#### Task to complete:
Reproduce exactly the lines from the one containing "UltraClub 8420Y Youth" through the end of the listing, minus the pictures.

#### Data section:
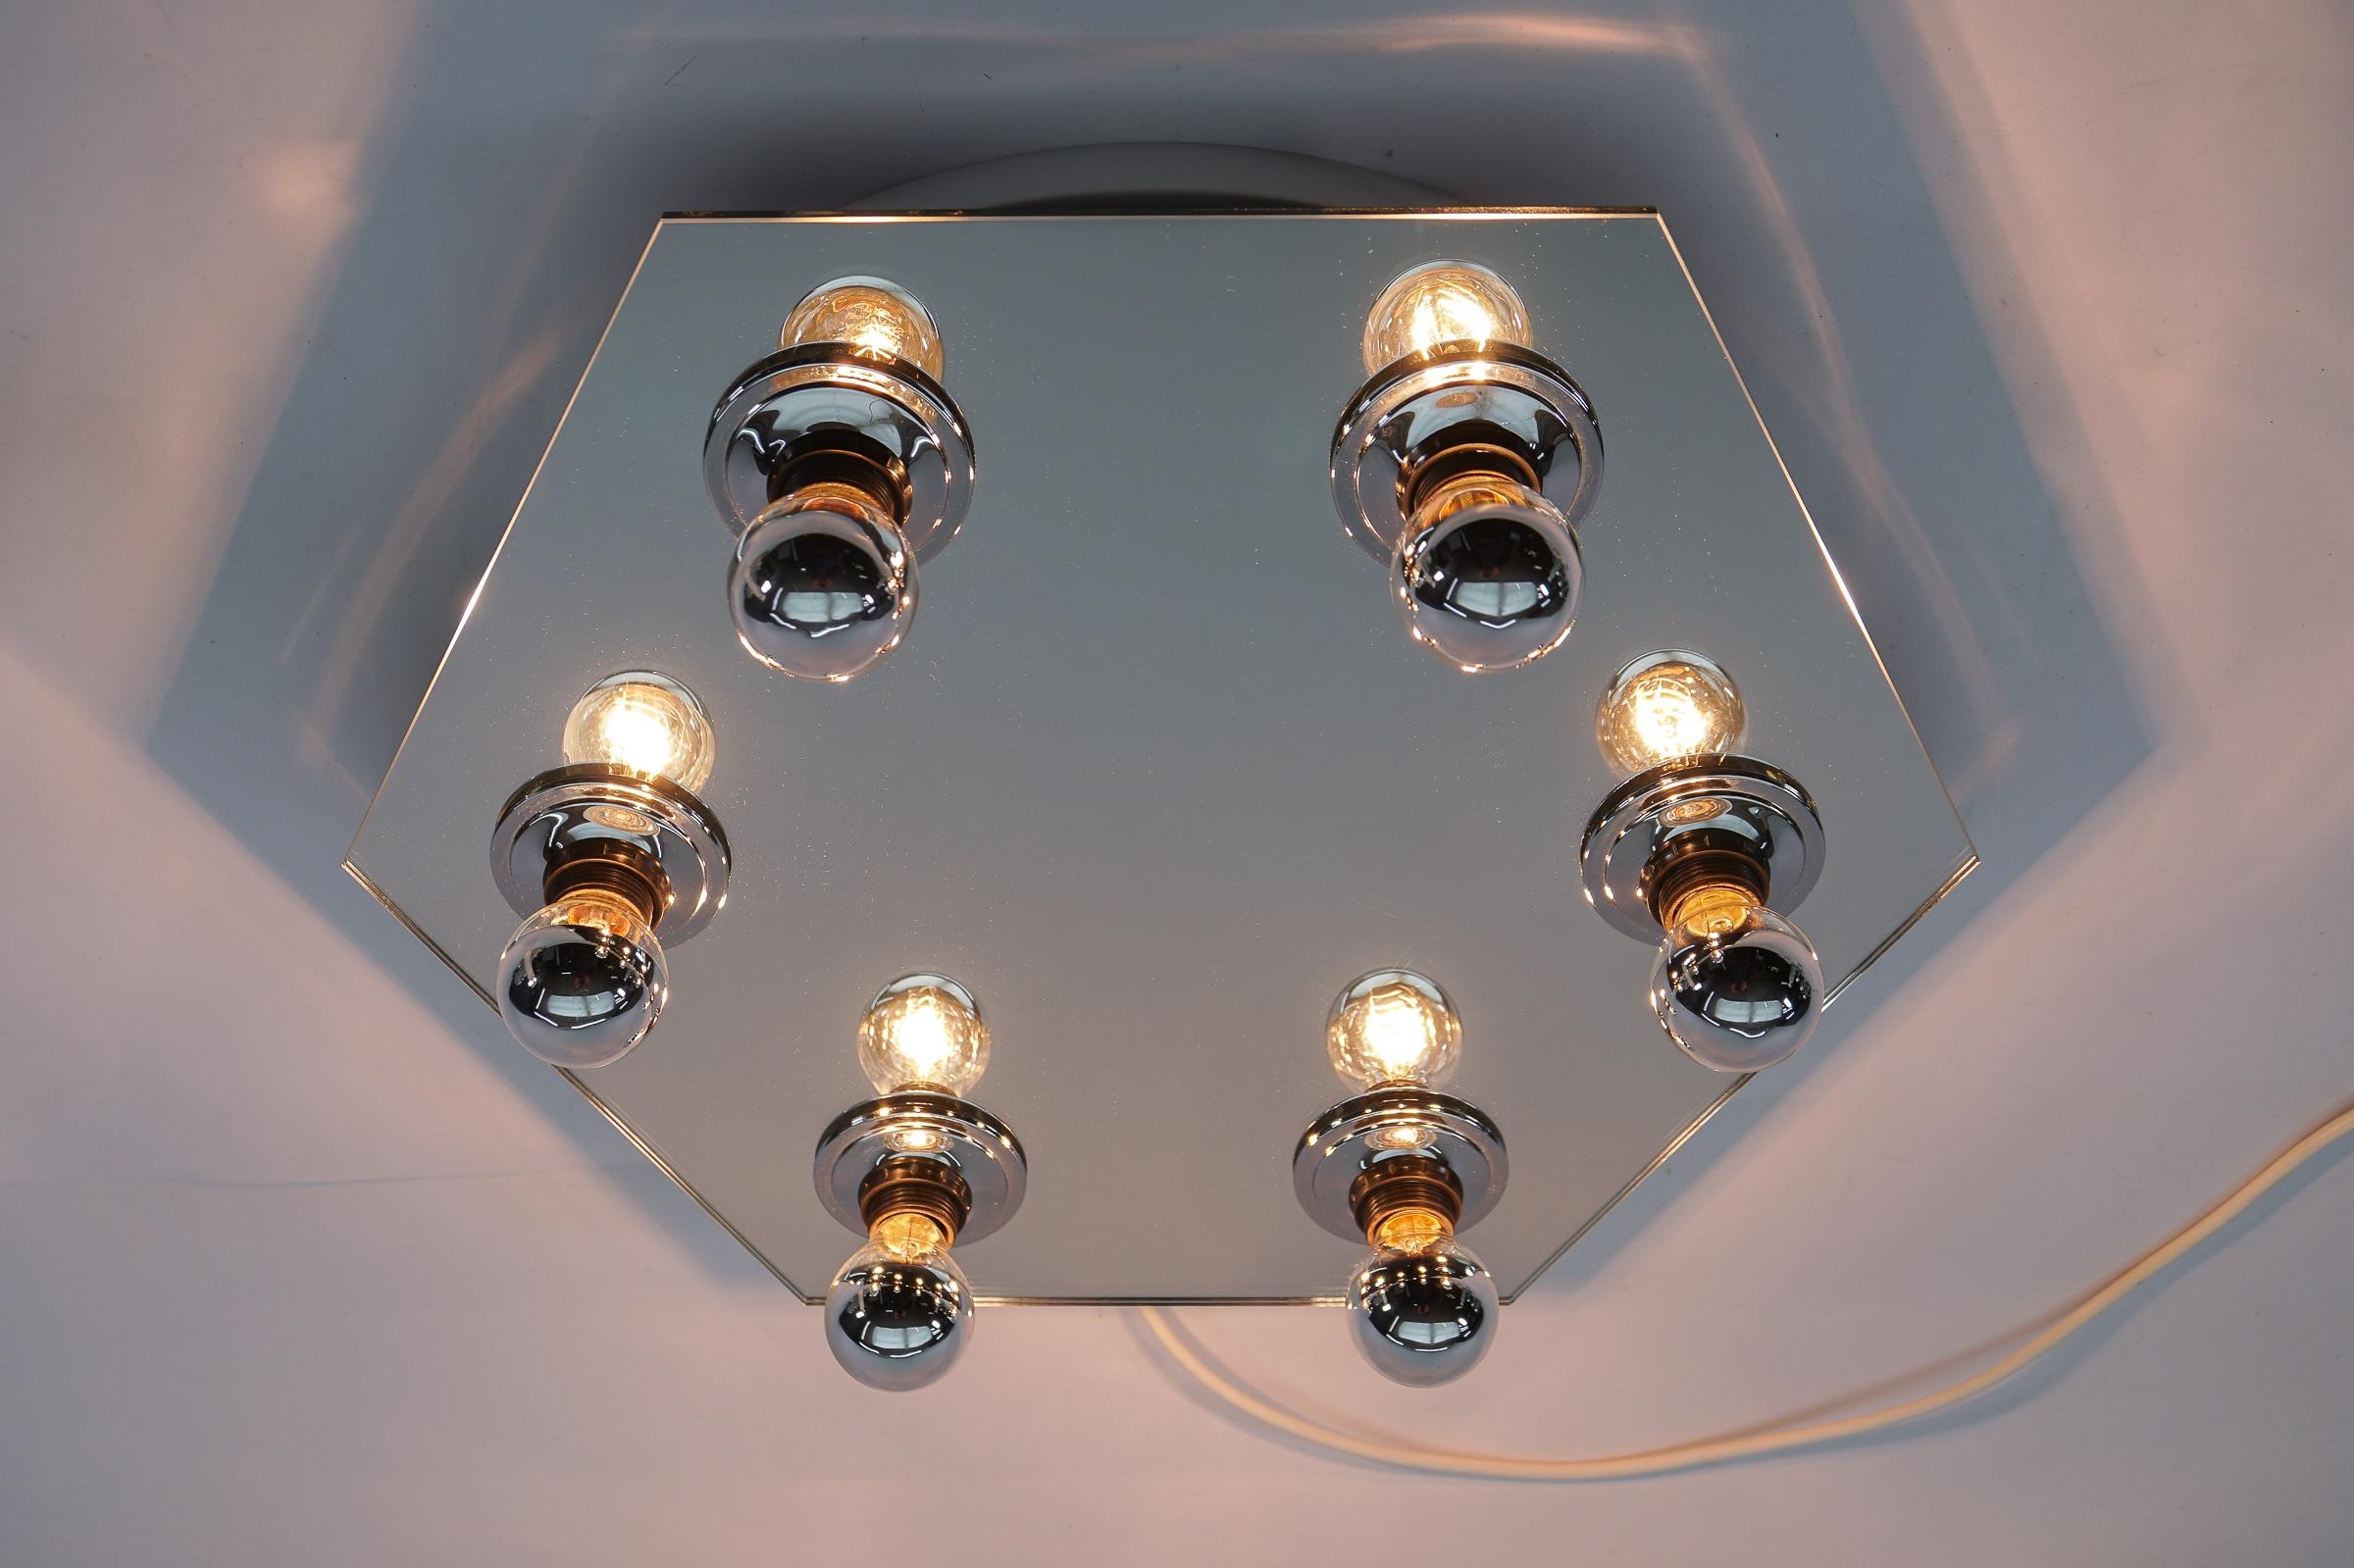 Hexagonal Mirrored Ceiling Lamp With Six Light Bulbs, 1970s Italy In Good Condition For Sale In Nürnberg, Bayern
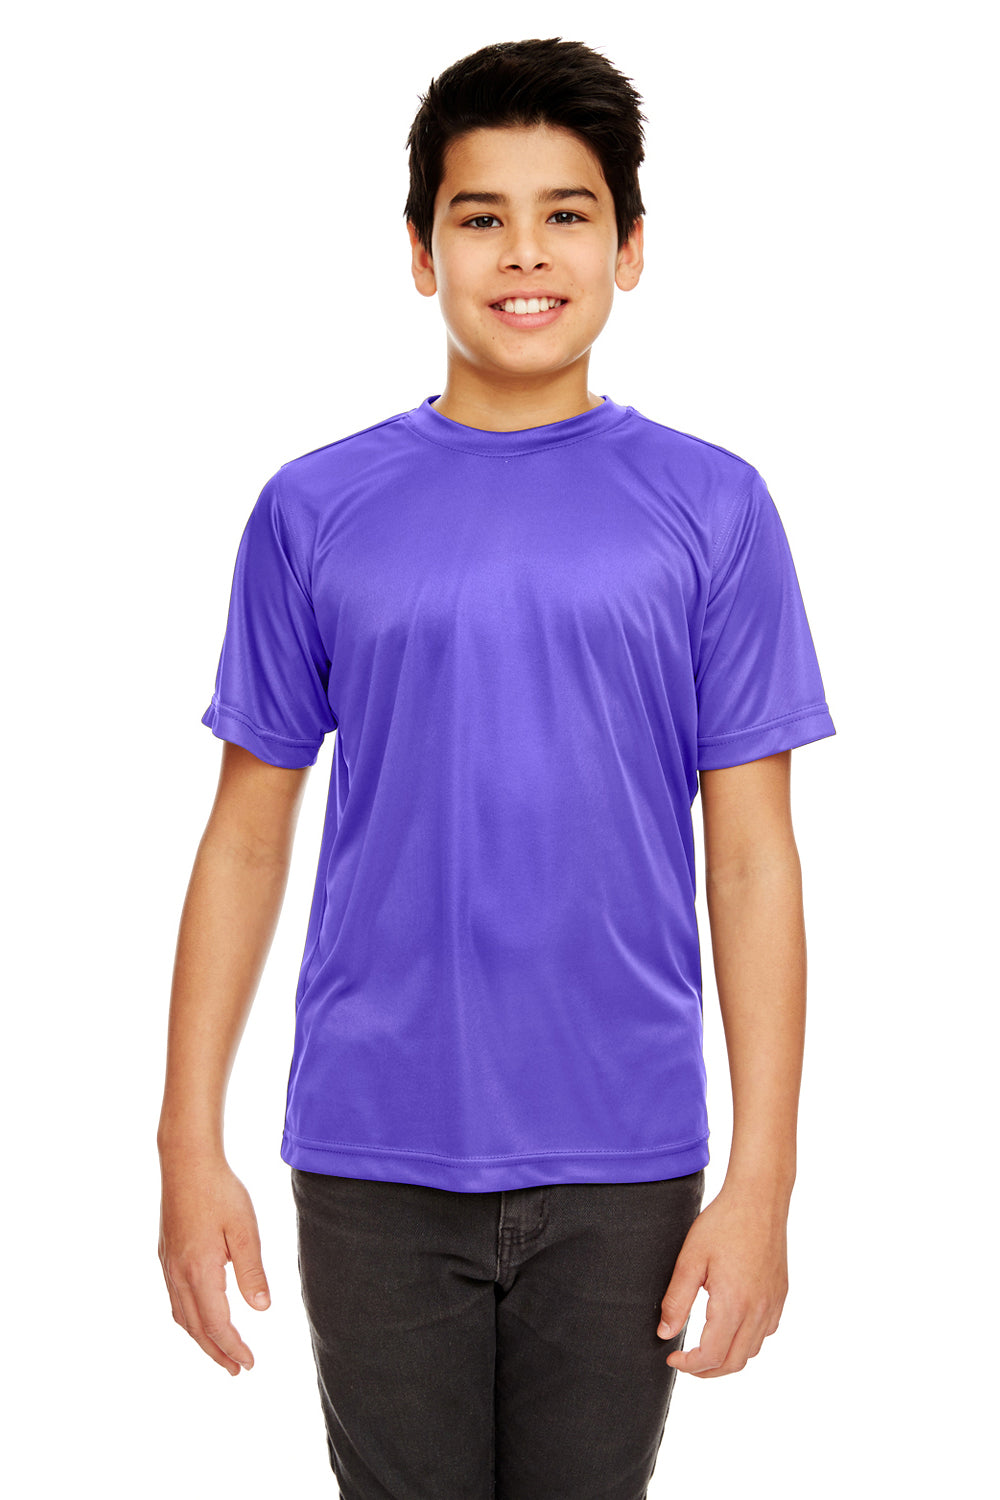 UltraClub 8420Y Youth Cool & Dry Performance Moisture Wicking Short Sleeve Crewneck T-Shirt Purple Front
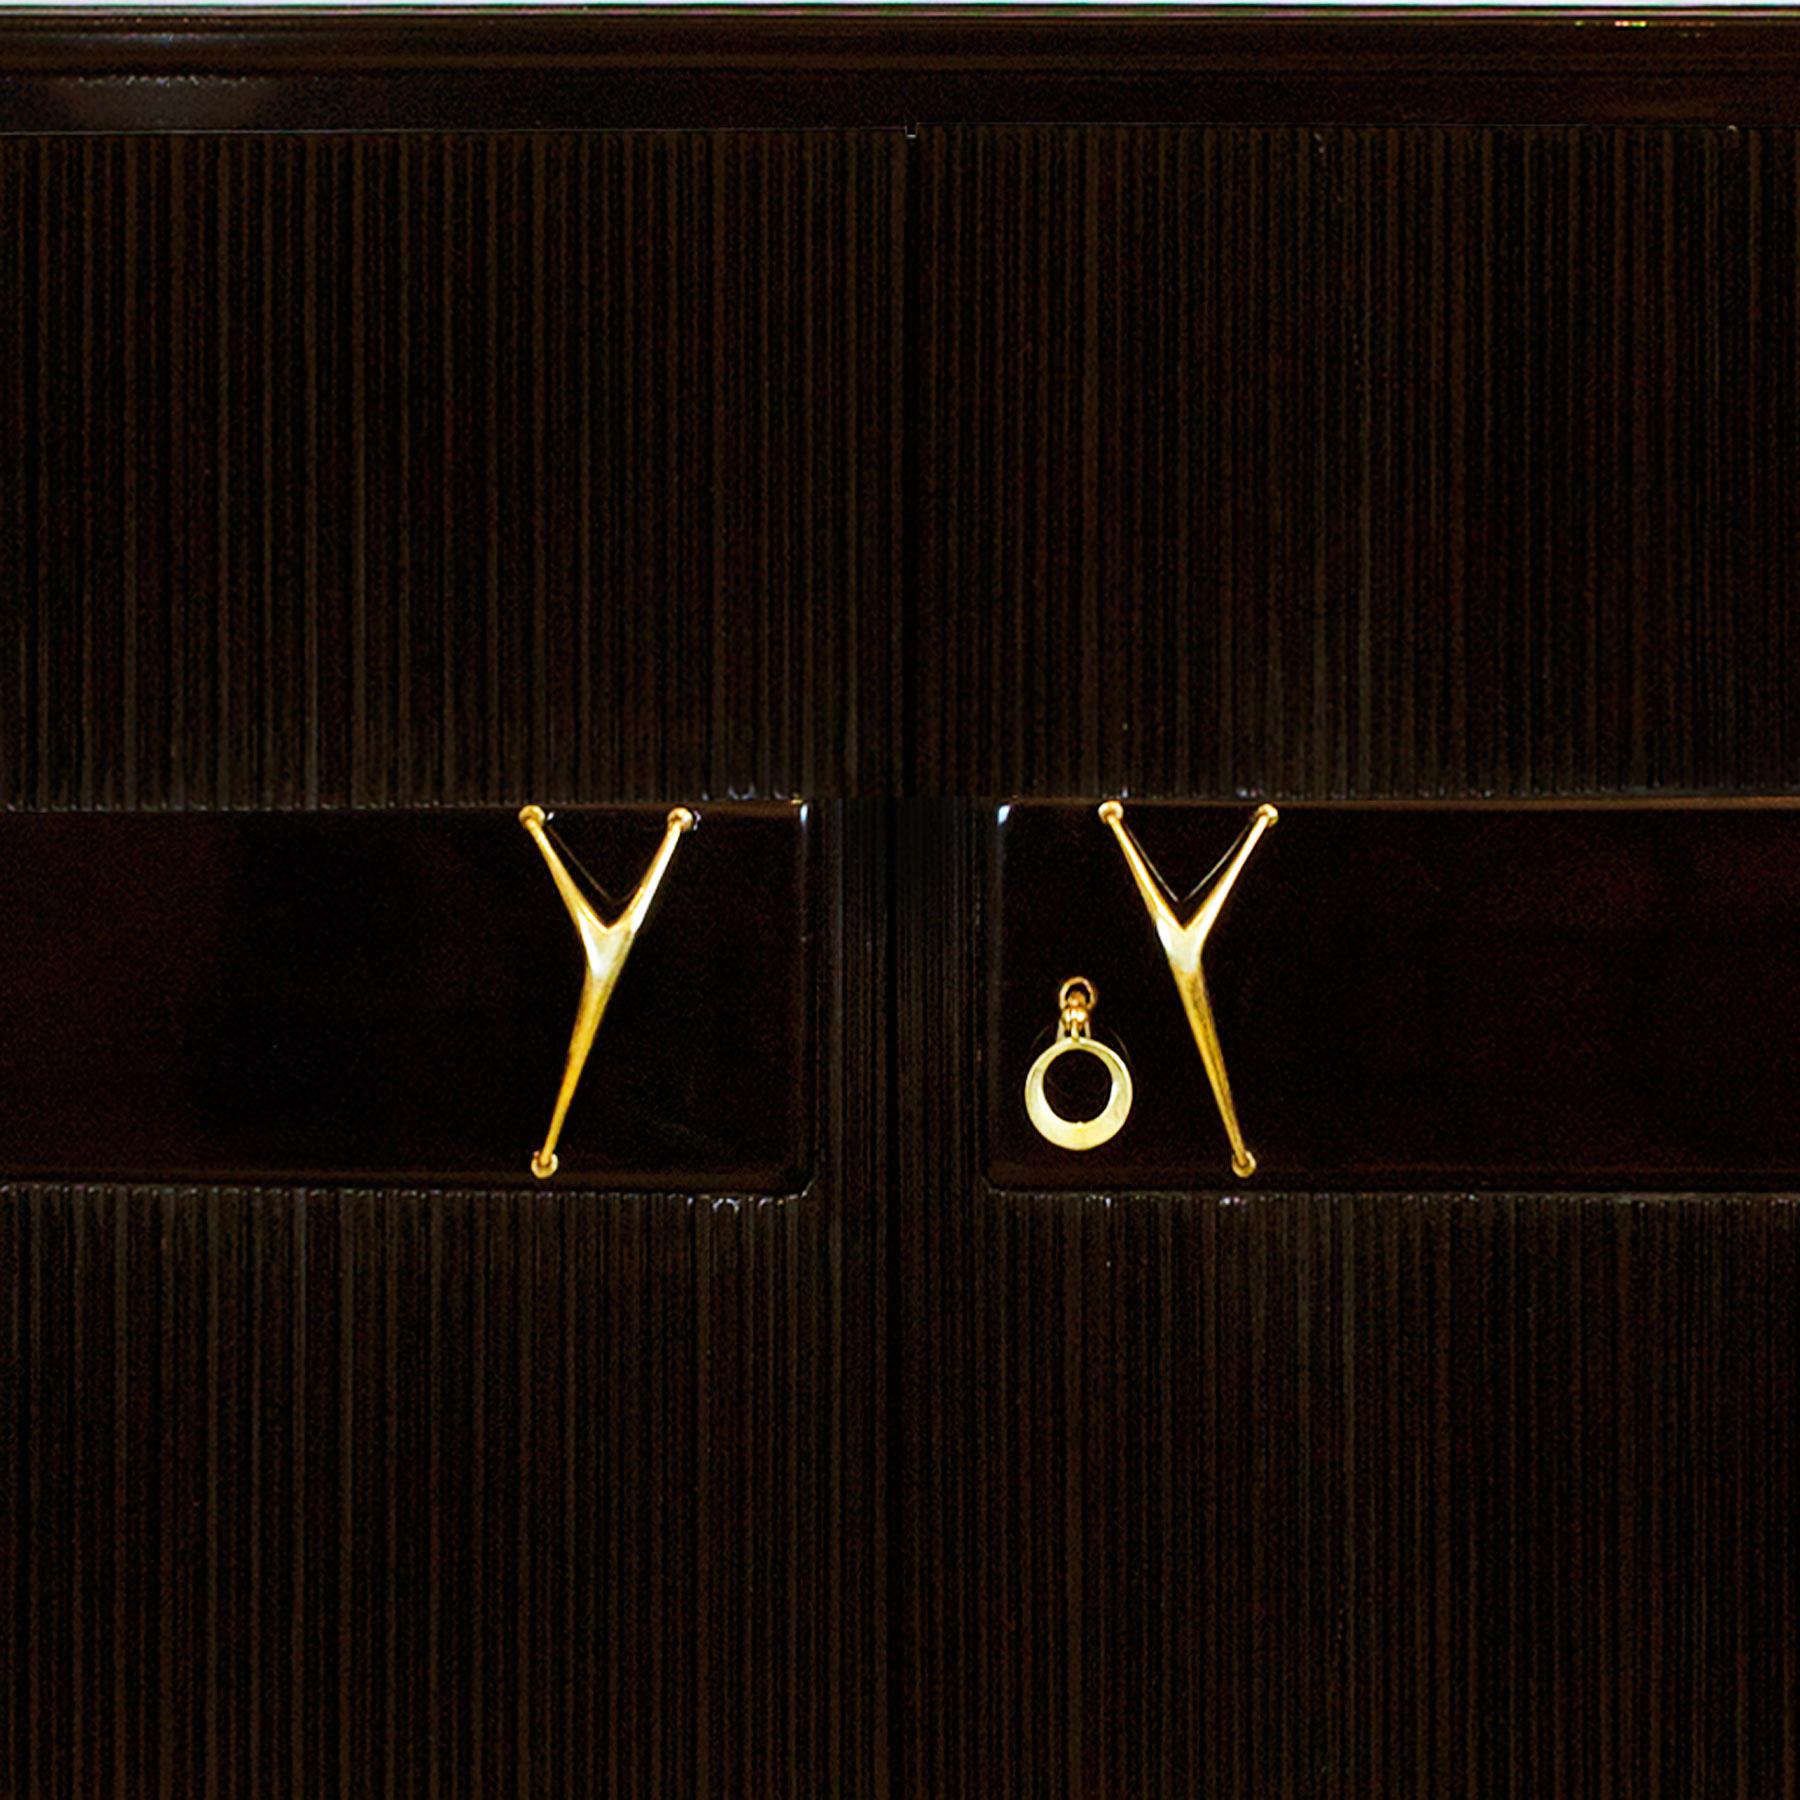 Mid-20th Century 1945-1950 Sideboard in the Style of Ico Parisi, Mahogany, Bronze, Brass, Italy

#### Response:
 UltraClub 8420Y Youth Cool & Dry Performance Moisture Wicking Short Sleeve Crewneck T-Shirt Purple Front
 Mid-20th Century 1945-1950 Sideboard in the Style of Ico Parisi, Mahogany, Bronze, Brass, Italy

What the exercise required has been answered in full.